E’ stato interprete di “Ondine”, diretto da Andrée Ruth Shammah, all’inizio della stagione del Franco Parenti a Milano. Adesso, proprio mentre il teatro lancia un’iniziativa per aprire al pubblico in orario pomeridiano, Roberto Trifirò porta in scena fino al 29 gennaio “Piccinì”, spettacolo di cui è regista ed interprete.
Fra gli attori più attivi della scena milanese, impegnato in diversi progetti fra cui l’evocativo e surreale “La confessione” di Adamov, replicato l’anno scorso all’Out Off, Trifirò, con l’intervista video che proponiamo, dà il via ad una serie di appuntamenti domenicali ispirati al lavoro dell’attore, alla pratica e alla formazione.
Il perché di questa scelta risiede nella volontà, la stessa di cui Peter Brook si fece a più riprese portavoce nei suoi scritti, di intendere la prassi teatrale come qualcosa di vivente, in movimento, che si rinnova con il confronto e con la conoscenza, del proprio e dell’altrui lavoro.
In questo tentativo di rendere lo “spazio teatro” vivo, accessibile e in continuo evolvere, si muove l’iniziativa lanciata in questi giorni dal Teatro Franco Parenti con l’inaugurazione di un nuovo orario per gli spettacoli, alle 18,30.
L’idea è quella di avviare una rassegna che porterà attori storici del teatro (in un orario che permette di incontrarsi, prima o dopo lo spettacolo per un tè o un aperitivo) a creare un’atmosfera stimolante in compagnia di attori, scrittori e registi per discutere aprendo la scatola scenica.
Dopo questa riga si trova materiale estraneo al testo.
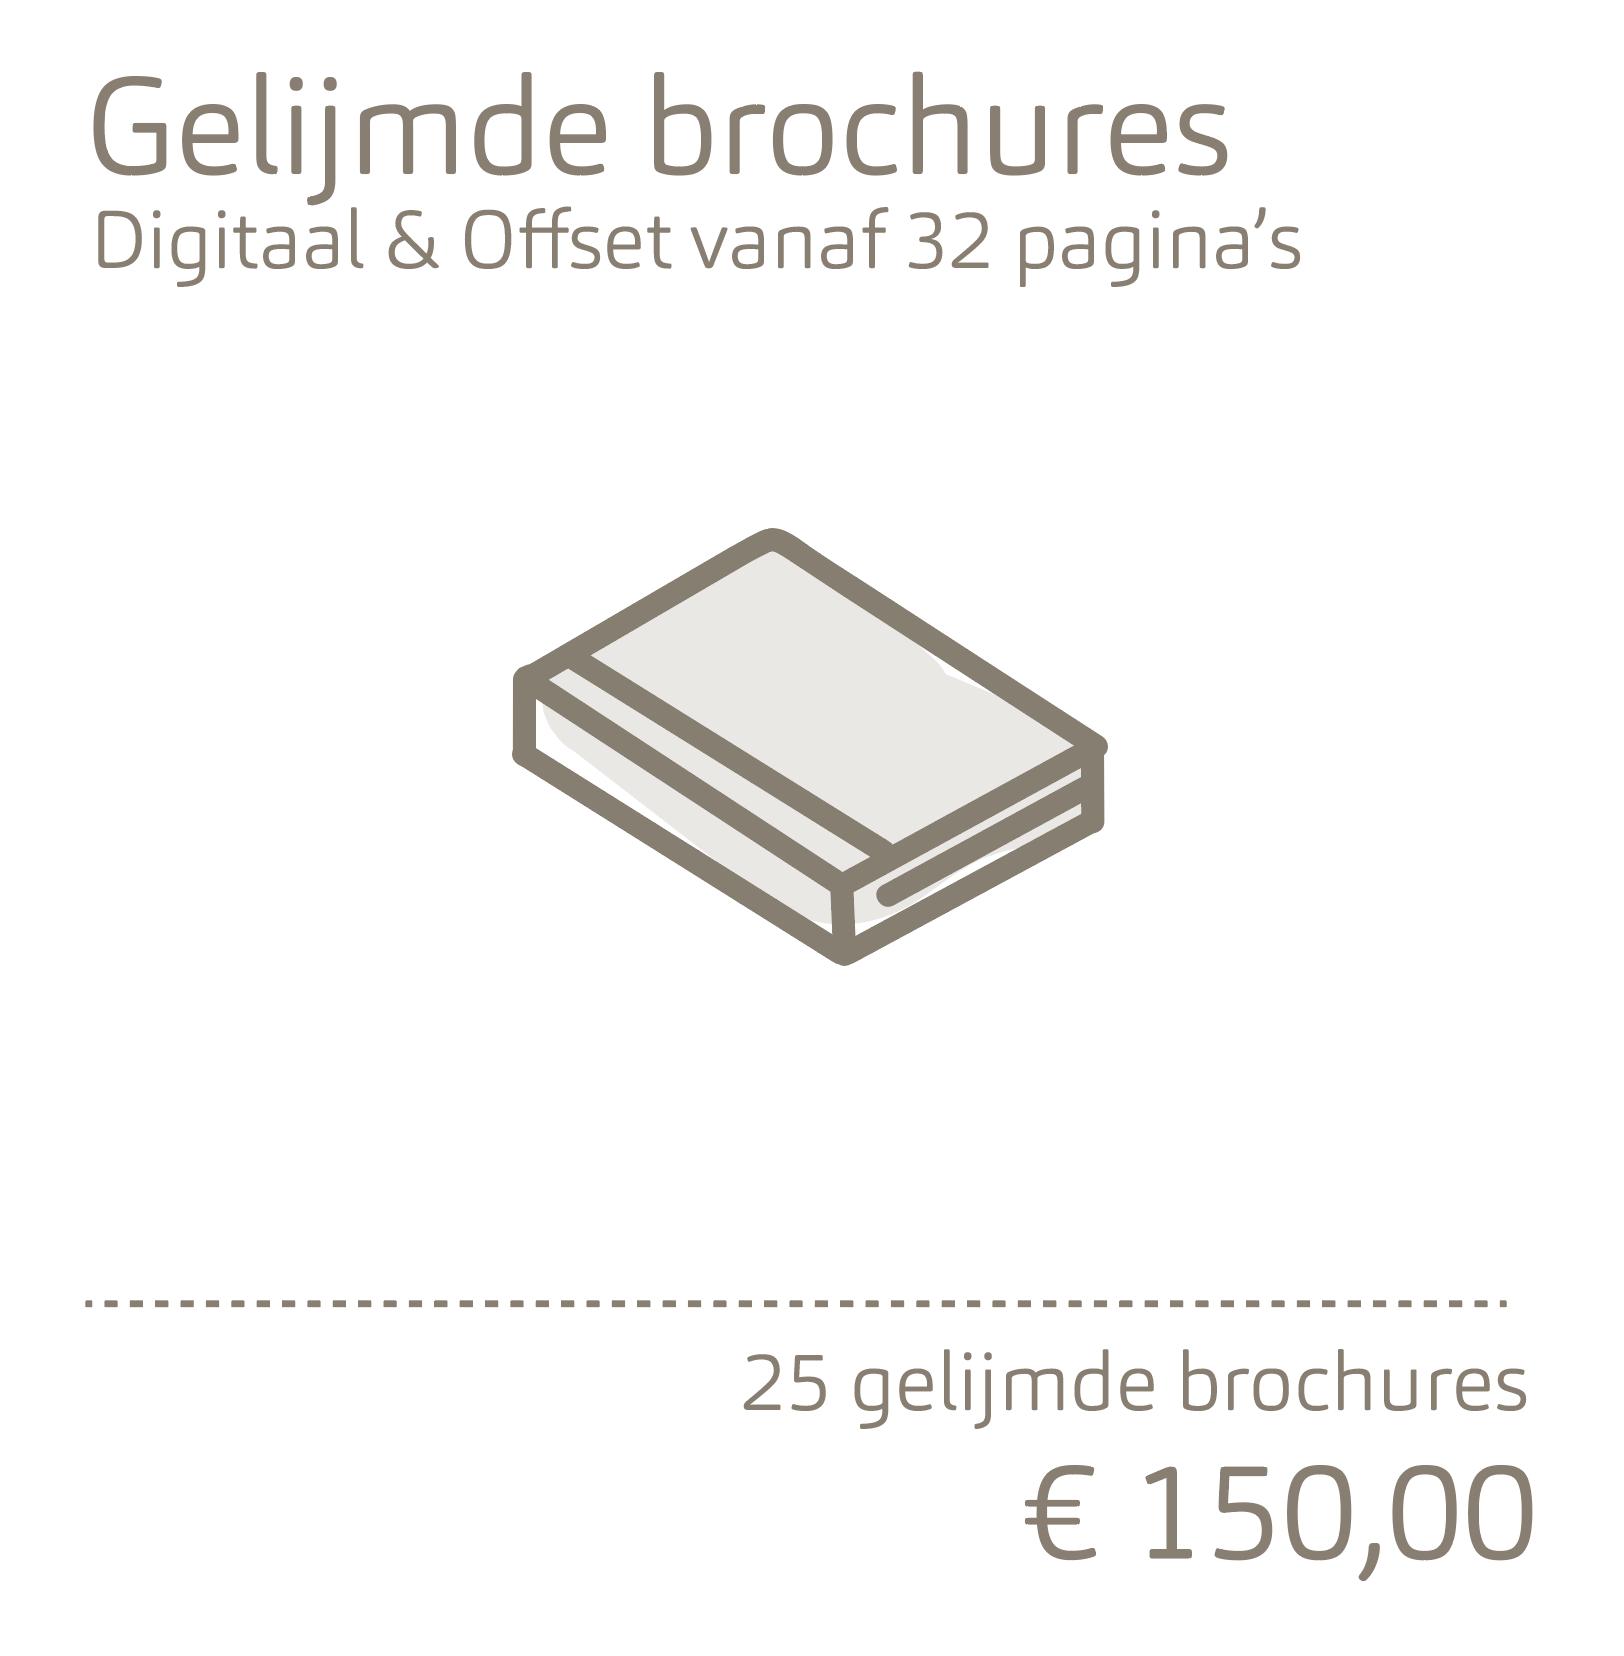 Gelijmde brochures

Una giornata a teatro a prezzi speciali, con l’idea di avvicinare l’universo teatrale al quotidiano, e trasformando quello che a volte è un privilegio saltuario in una piacevole e meno costosa abitudine.
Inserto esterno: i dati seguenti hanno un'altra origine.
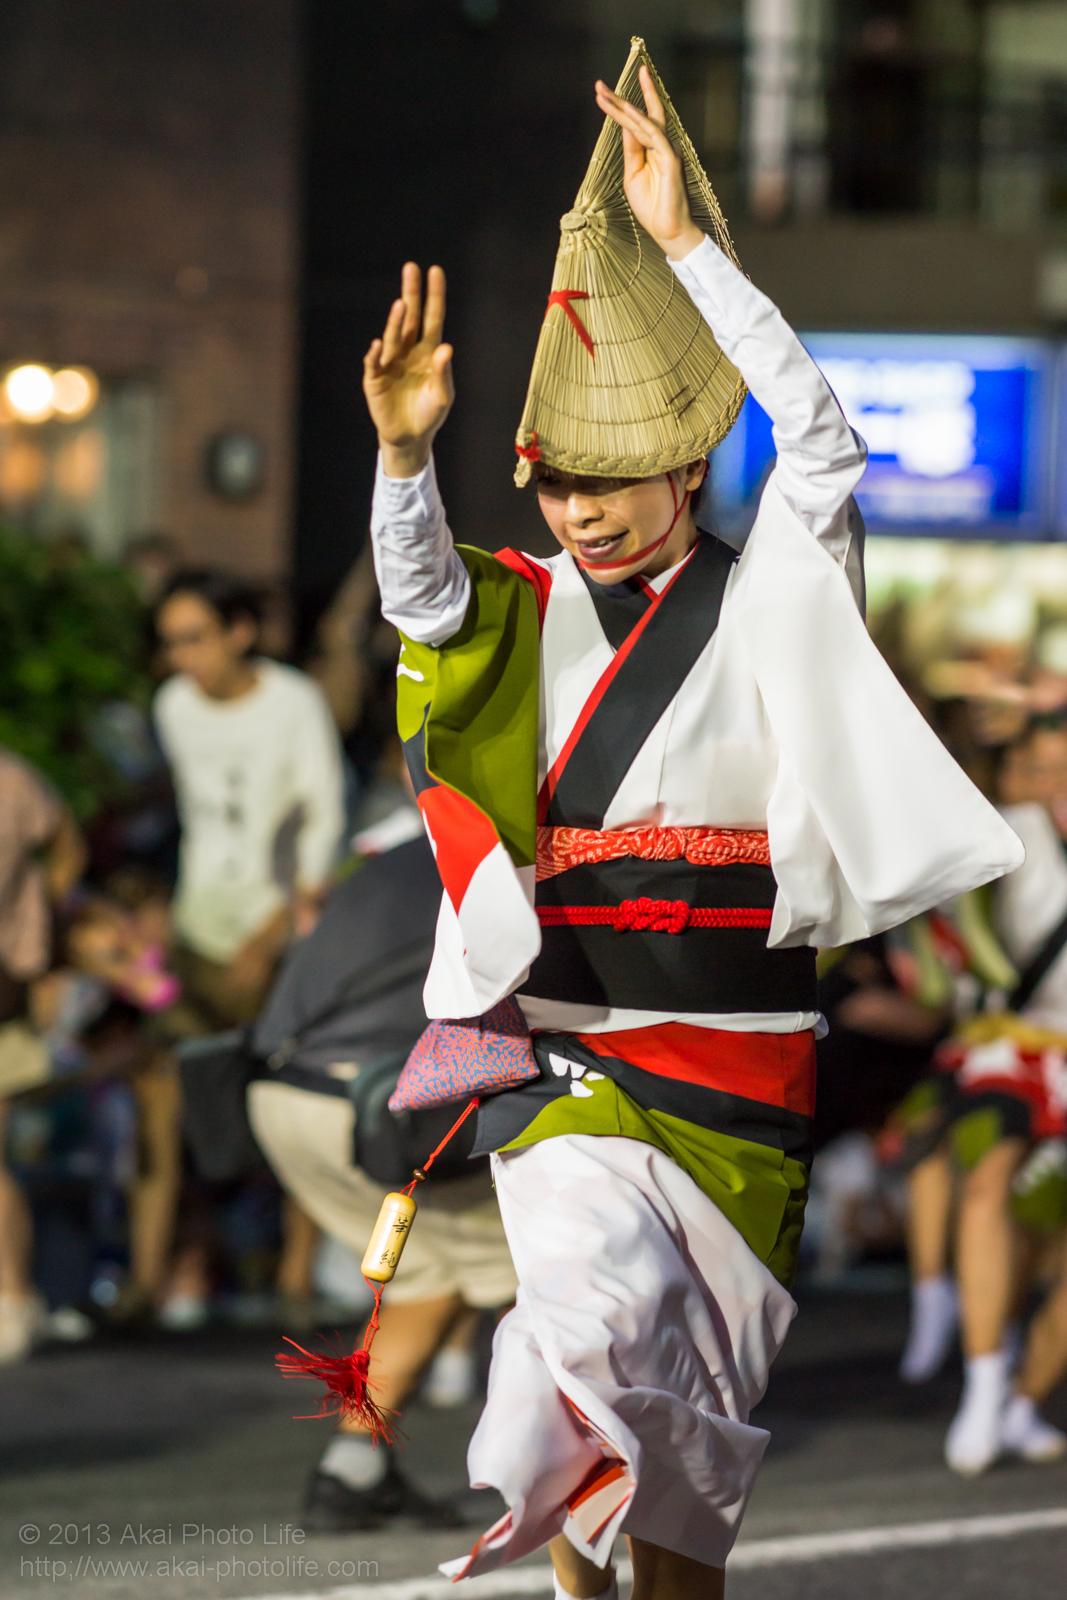 高円寺阿波踊り 華純連の女踊り

Dal 15 gennaio all’8 febbraio, ad esempio, al break previsto alle 17,30 seguirà “Delirio a due”, di Eugène Ionesco, con Bob Marchese e Fiorenza Brogi; poi la possibilità di fare uno spuntino prima di assistere proprio a “Piccinì”, diretto e interpretato da Trifirò alle 20,30.
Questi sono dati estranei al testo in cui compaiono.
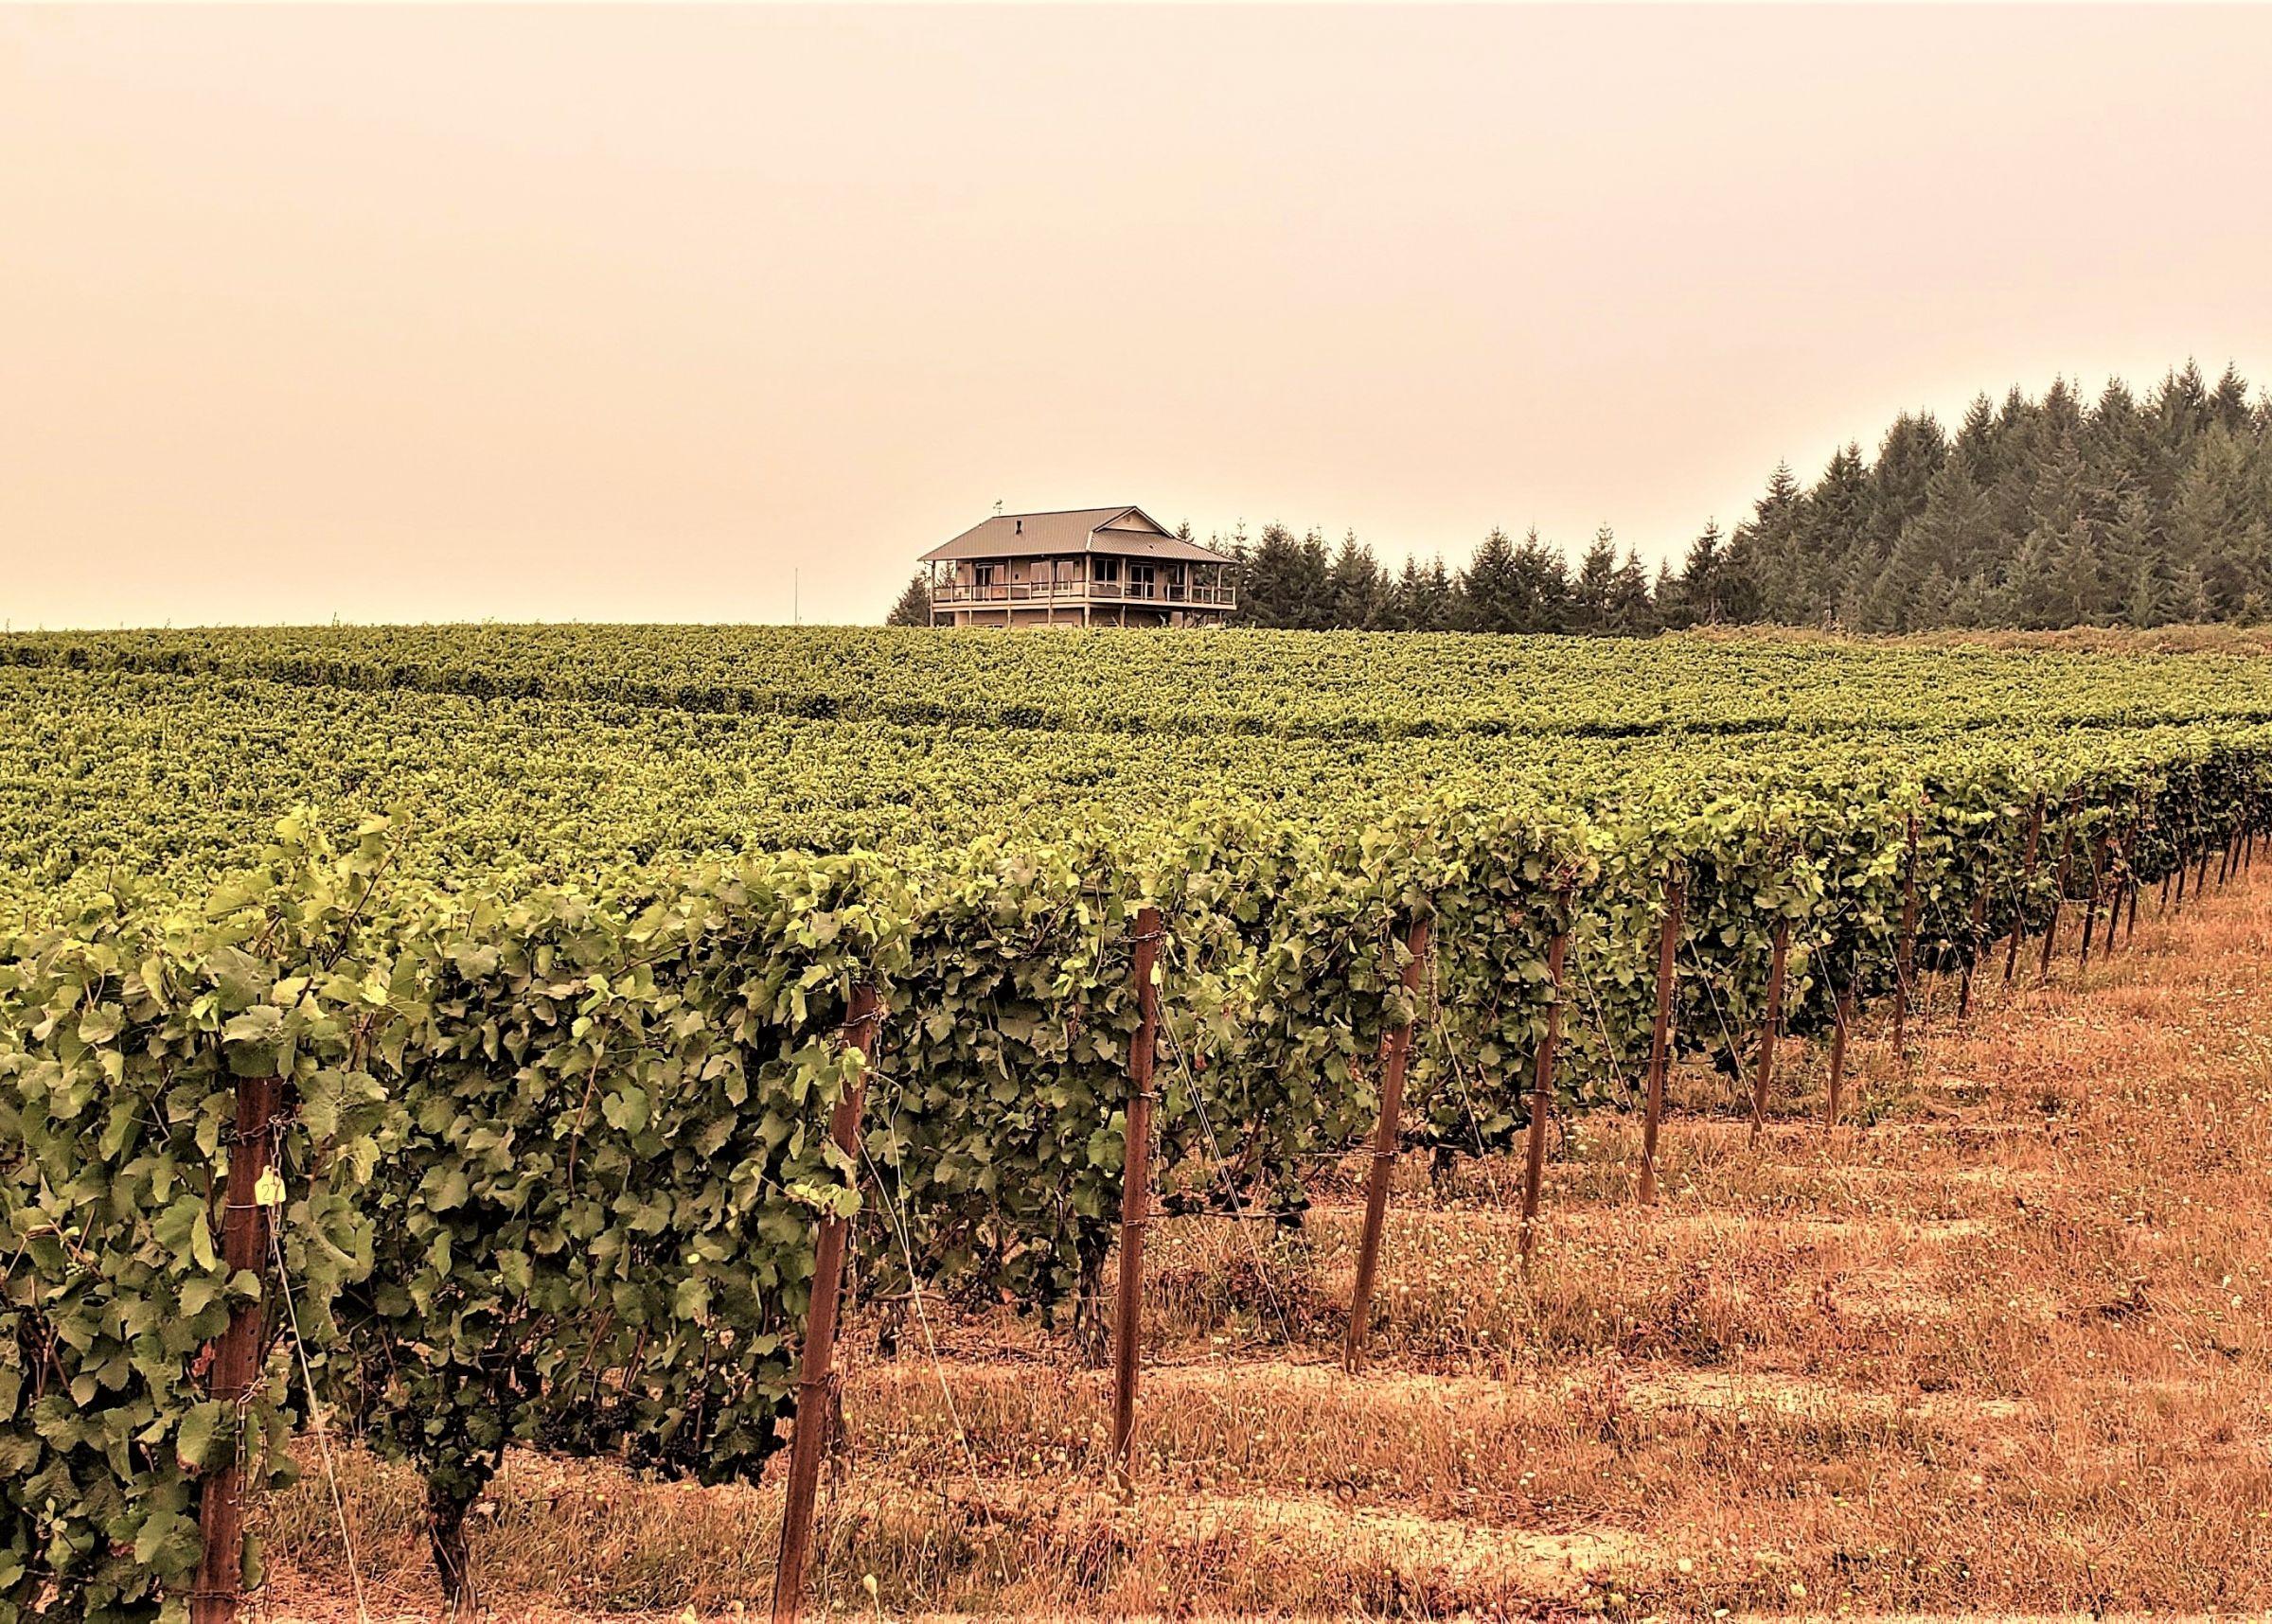 oregon-65-acres-listing-number-15179-0-2020-09-17-215314.jpg

“Piccinì” è l’amalgama di tre testi pirandelliani: le novelle “La carriola” e “La trappola” e il romanzo “I quaderni di Serafino Gubbio operatore”.
Trifirò, solo in scena, con una maschera facciale di impressionante mobilità espressiva, percorre l’avventura di un uomo ricco, di successo, avvocato e professore universitario, a cui tutti, studenti, clienti, familiari, chiedono d’essere saggio.
Il dramma comincia quando l’avvocato, improvvisamente, esce dalla sua forma e si vede vivere dall’esterno come un estraneo a cui non interessa più la professione. Non si riconosce nemmeno nel proprio aspetto, sdoppiamento tipico del teatro pirandelliano.
Non dissimile dall’esperienza del personaggio di “Ondine”, di cui l’intervista parla, dimidiato fra “amore etereo” e “apparenza sociale”, quella che Trifirò racconta è proprio la serie di incombenze di corte, che diventano più importanti del sentimento profondo e individuale con cui prima o poi tocca fare i conti.
Una sfida a cui l’attore stesso in fondo è chiamato quotidianamente, nella costante tensione fra il ruolo riconosciuto e appariscente, e l’impegno “grotowskiano” all’indagine più profonda e solitaria su di sé.